Research in psychotherapy is crucial to test and provide support for psychological treatments which may improve public health and reduce the burden of mental illness and behavioral problems [1]. Psychotherapeutic strategies may also have potential to improve psychological coping, quality of life, illness behavior, and affective components of medical illness [2]. A clinical response after treatment is not synonymous with an effect that can be attributed to psychotherapy. The latter can only be accurately estimated with reference to an appropriate control group. The randomized controlled trials (RCT) play the most important role in this process, even though also other forms of investigation may yield valuable information [3-9]. The methodology for psychological interventions of trials has been discussed in the literature [3, 5, 6, 8, 9-13]. In Psychotherapy and Psychosomatics, specific reference to the selection and design of control conditions has been made [14]. However, in recent years there have been important developments that suggest the need to address critical methodological issues. These recommendations do not replace those that are operational for RCT [15], with particular reference to the CONSORT statement for nonpharmacological treatments [11], but rather supplement issues that need to be taken into account for an updated consideration of clinical trials concerned with the efficacy of psychological interventions.
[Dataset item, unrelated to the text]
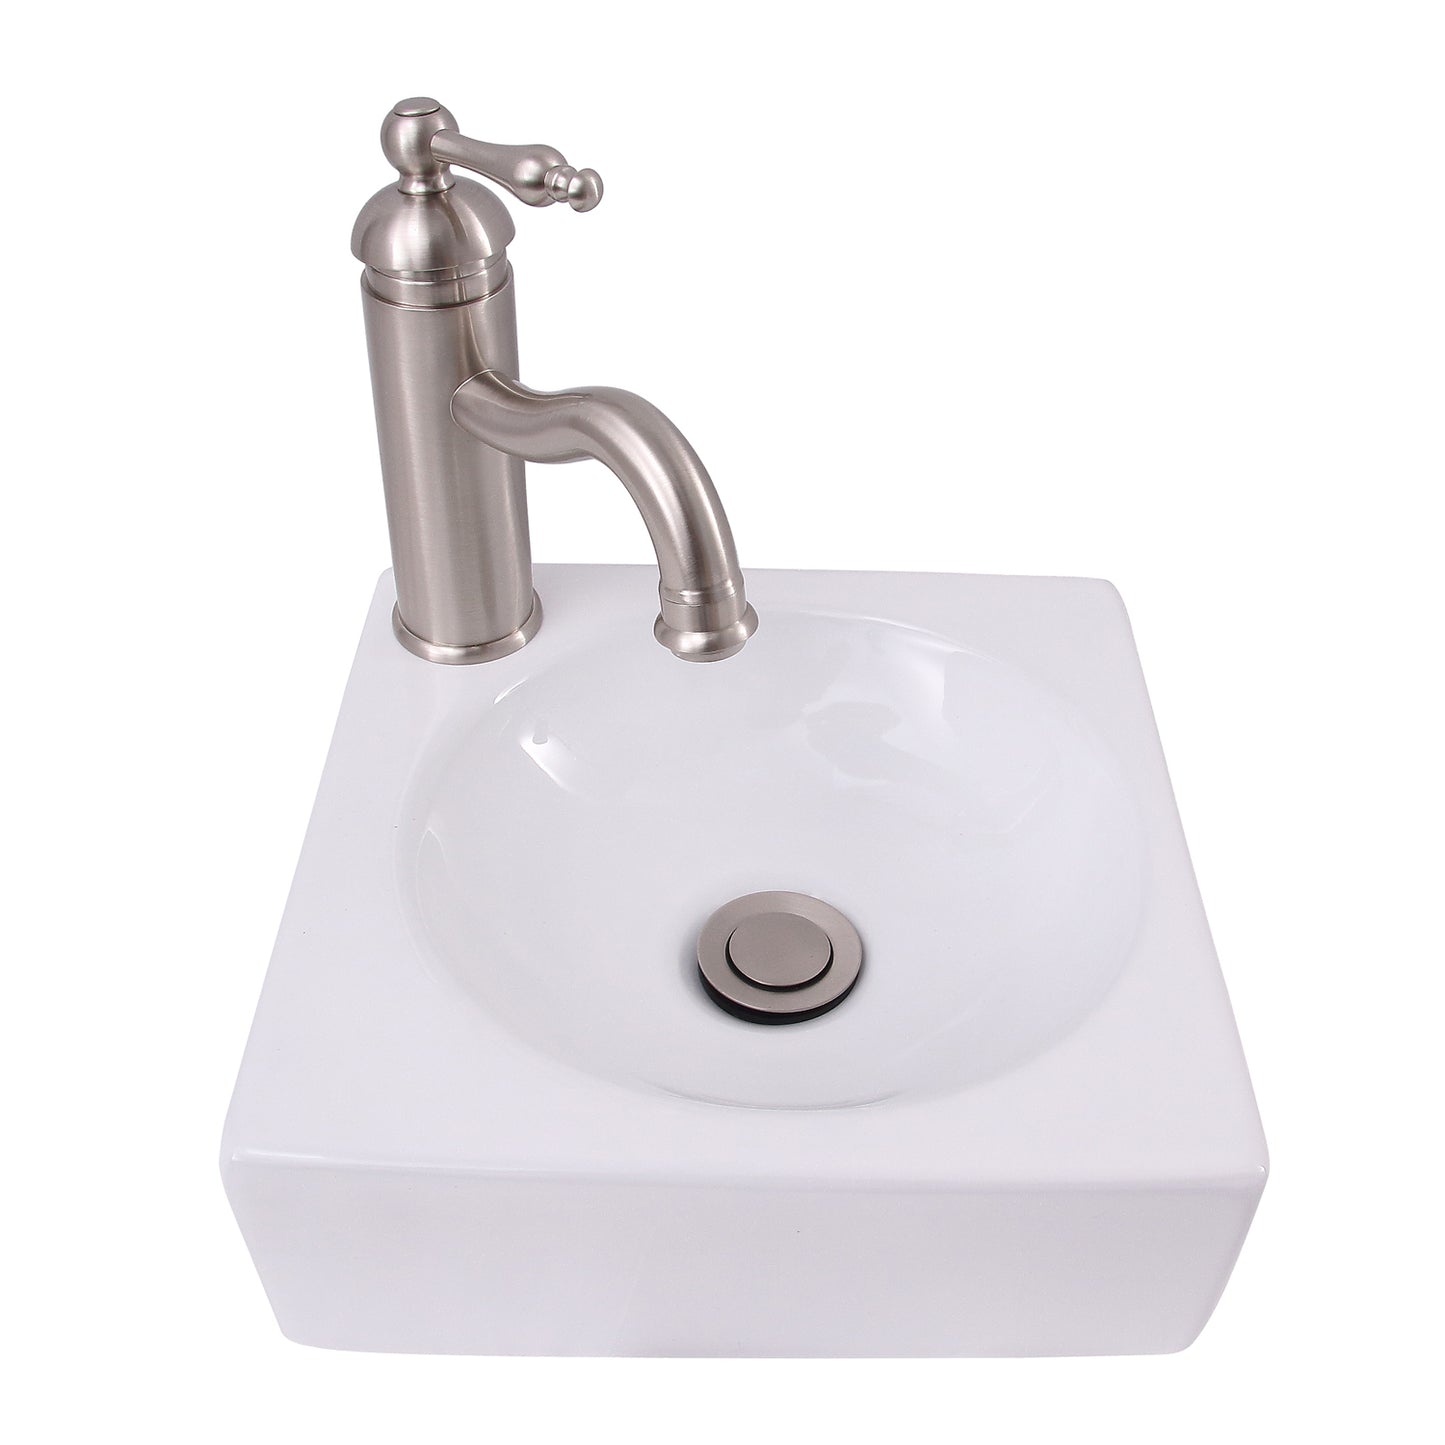 Trixie 11" Petite Wall Hung Bathroom Sink White 1 Faucet Hole

We will not discuss designs that aim to identify outcome predictors, process variables, and qualitative studies.

Diagnostic criteria have been developed in psychiatry and clinical psychology to improve the interrater reliability of diagnostic assessments [16]. These criteria are particularly helpful in setting a threshold for conditions worthy of clinical attention and, not surprisingly, clinical studies concerned with psychological interventions and/or pharmacotherapy are generally based on DSM nomenclature. However, questions may be raised about the effectiveness of diagnostic criteria in yielding relatively homogeneous conditions in terms of severity and course of illness that are amenable to be tested by RCT [12]. As an addition to diagnostic categorical approaches, network analysis may yield valuable insights into changes in patterns of symptoms and signs in psychotherapy trials [17-18].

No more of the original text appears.